# [REQUIRED WORK]
Without copying any picture, transcribe exactly the lines of the data below from the one containing "Der-Franz Coffee, Flavored" through the one containing "Pristine Bib Tap".

# [RECORD EXTRACTS]
○ ○ ○ ○ ○ ○ ○

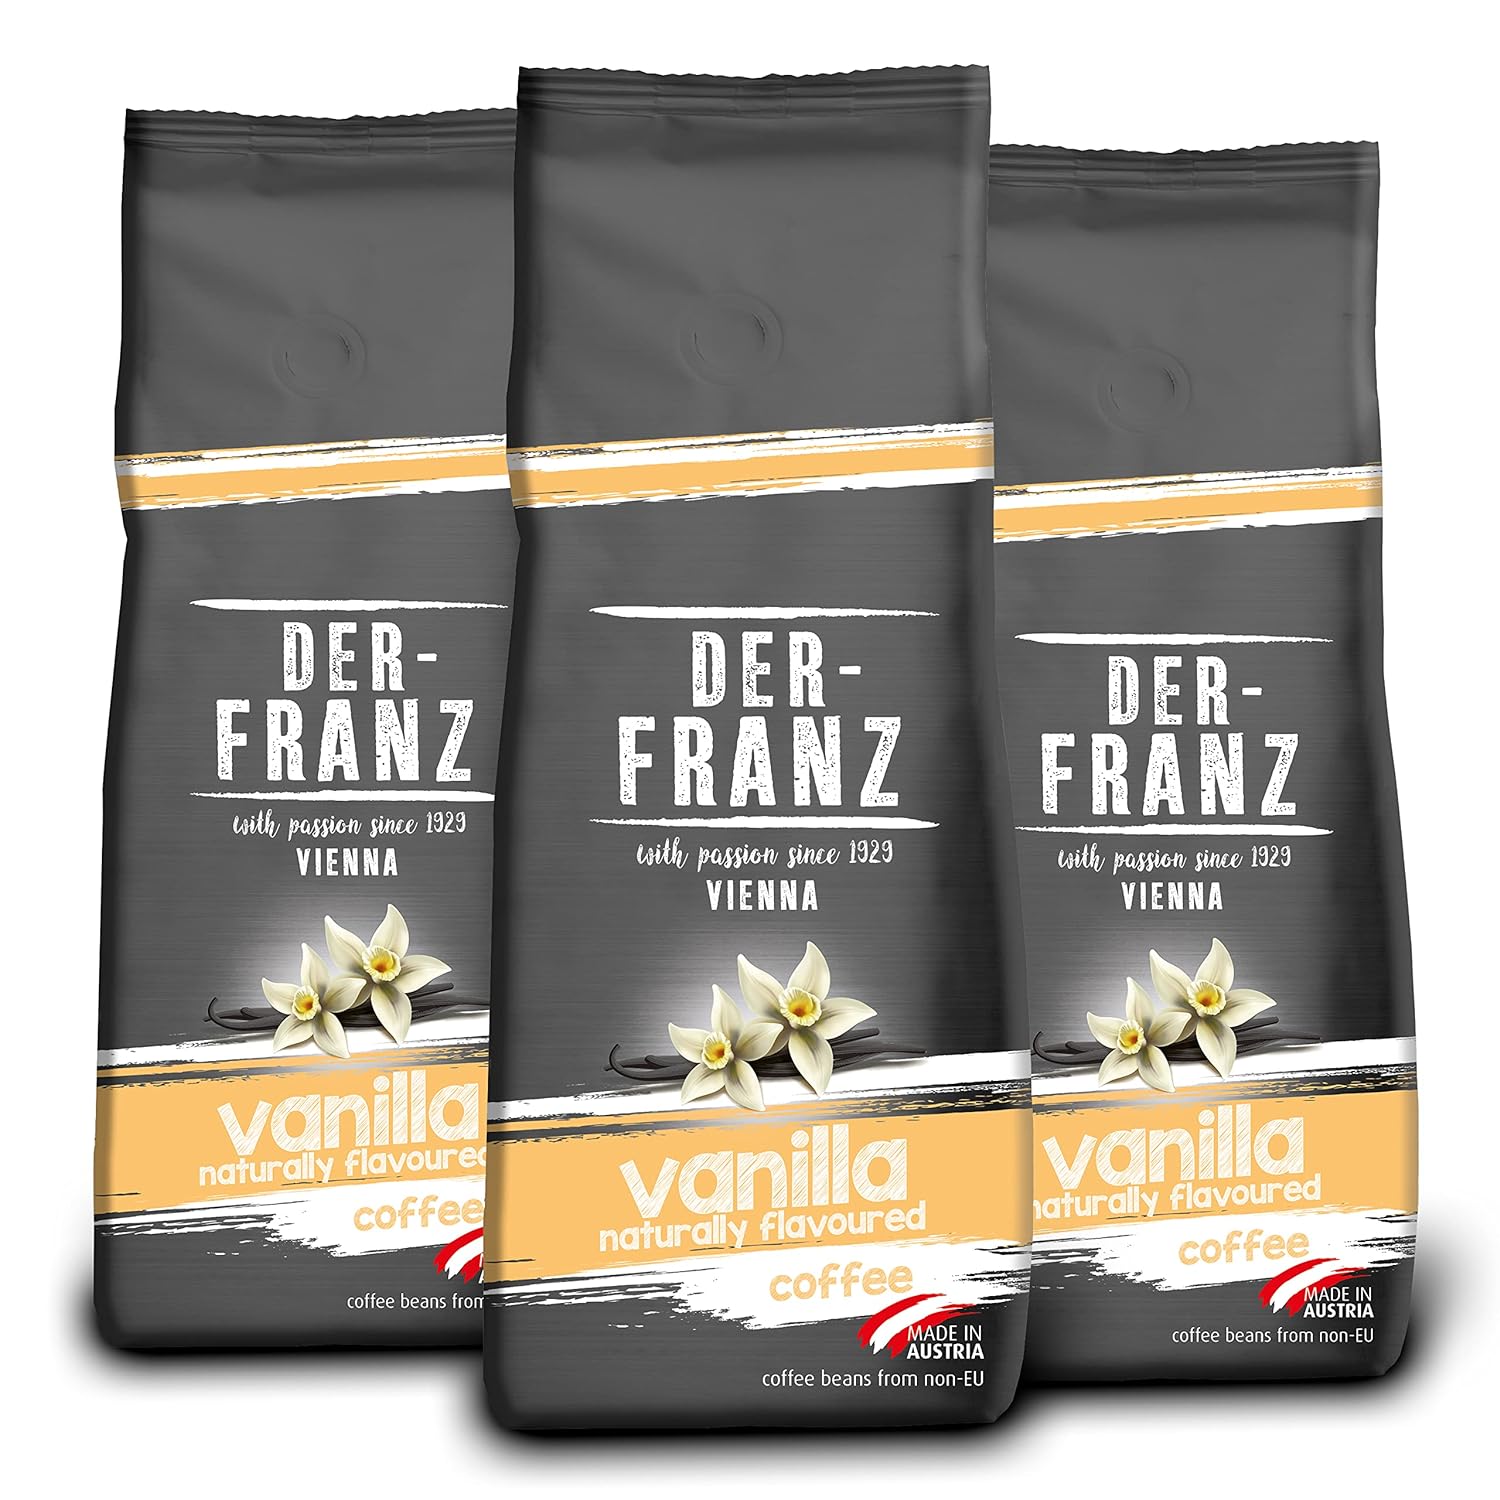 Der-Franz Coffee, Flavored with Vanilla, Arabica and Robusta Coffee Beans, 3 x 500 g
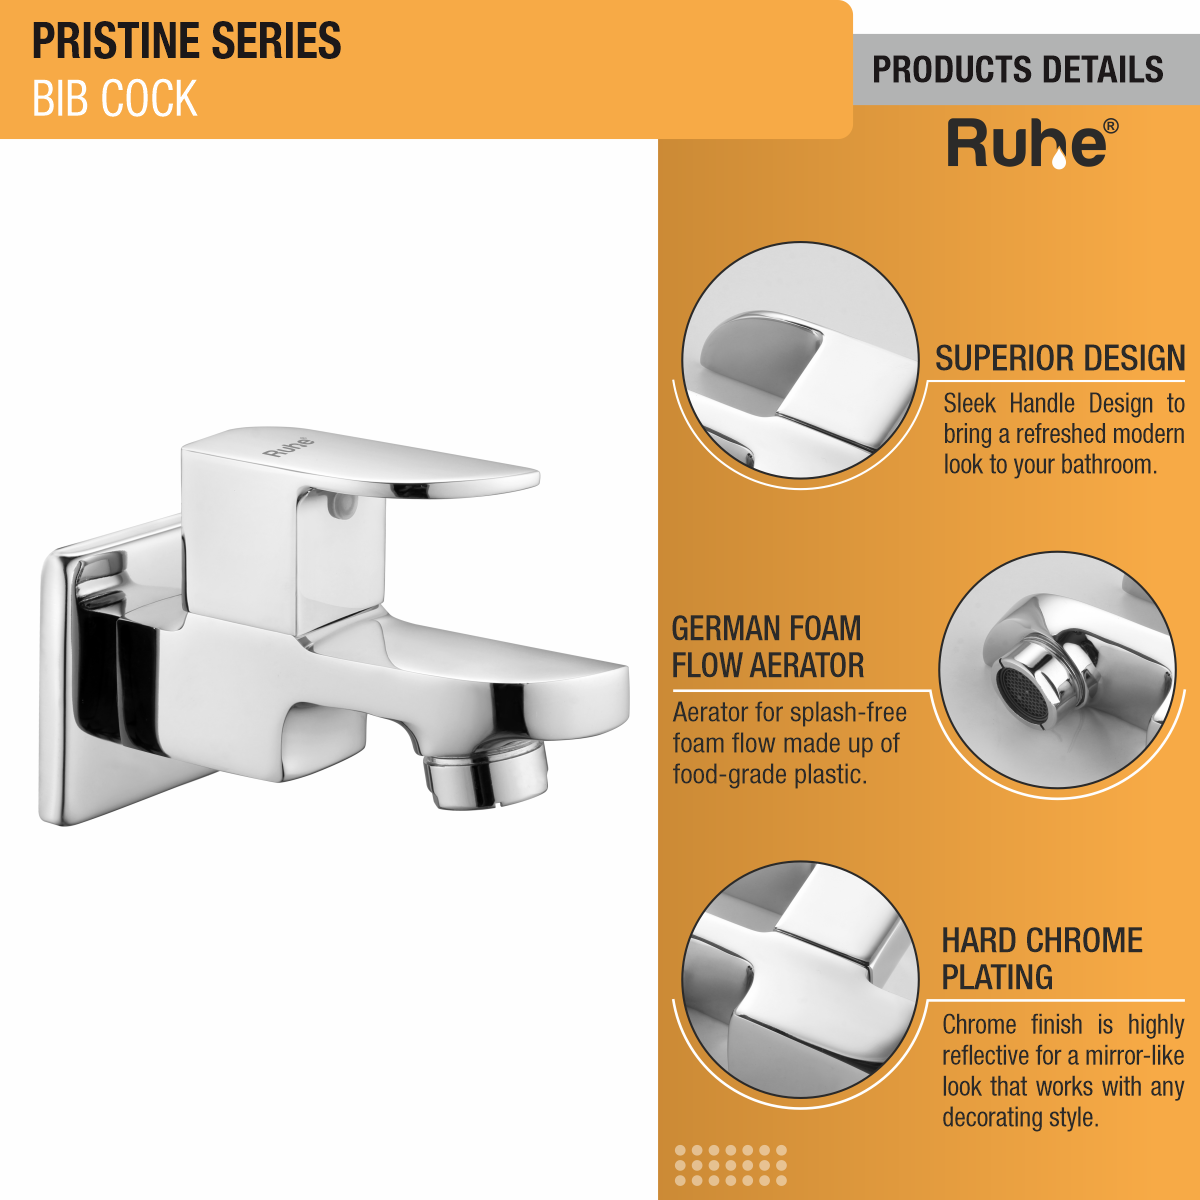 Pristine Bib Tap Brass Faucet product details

○ ○ ○ ○ ○ ○ ○

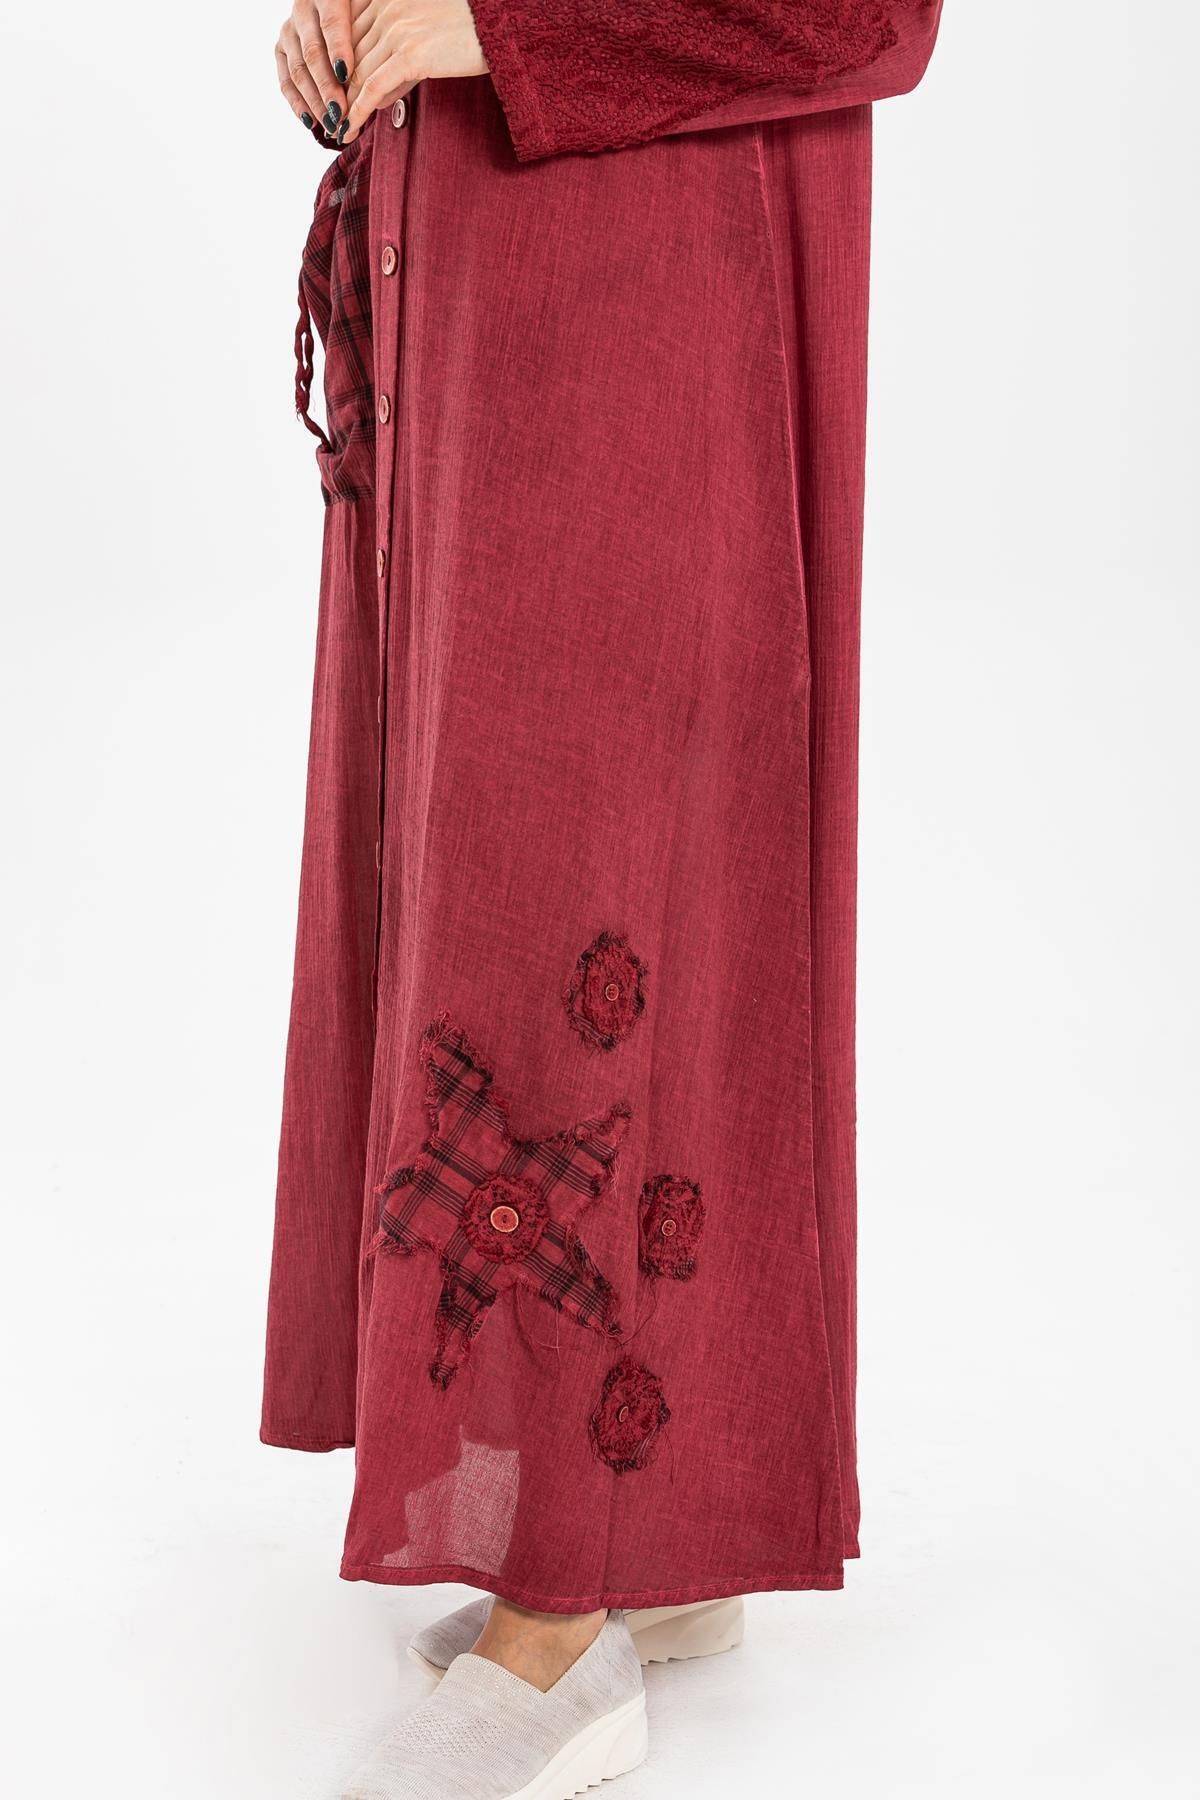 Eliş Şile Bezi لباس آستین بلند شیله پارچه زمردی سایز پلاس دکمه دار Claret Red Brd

○ ○ ○ ○ ○ ○ ○

# [EXERCISE RESULT]
 Der-Franz Coffee, Flavored with Vanilla, Arabica and Robusta Coffee Beans, 3 x 500 g
 Pristine Bib Tap Brass Faucet product details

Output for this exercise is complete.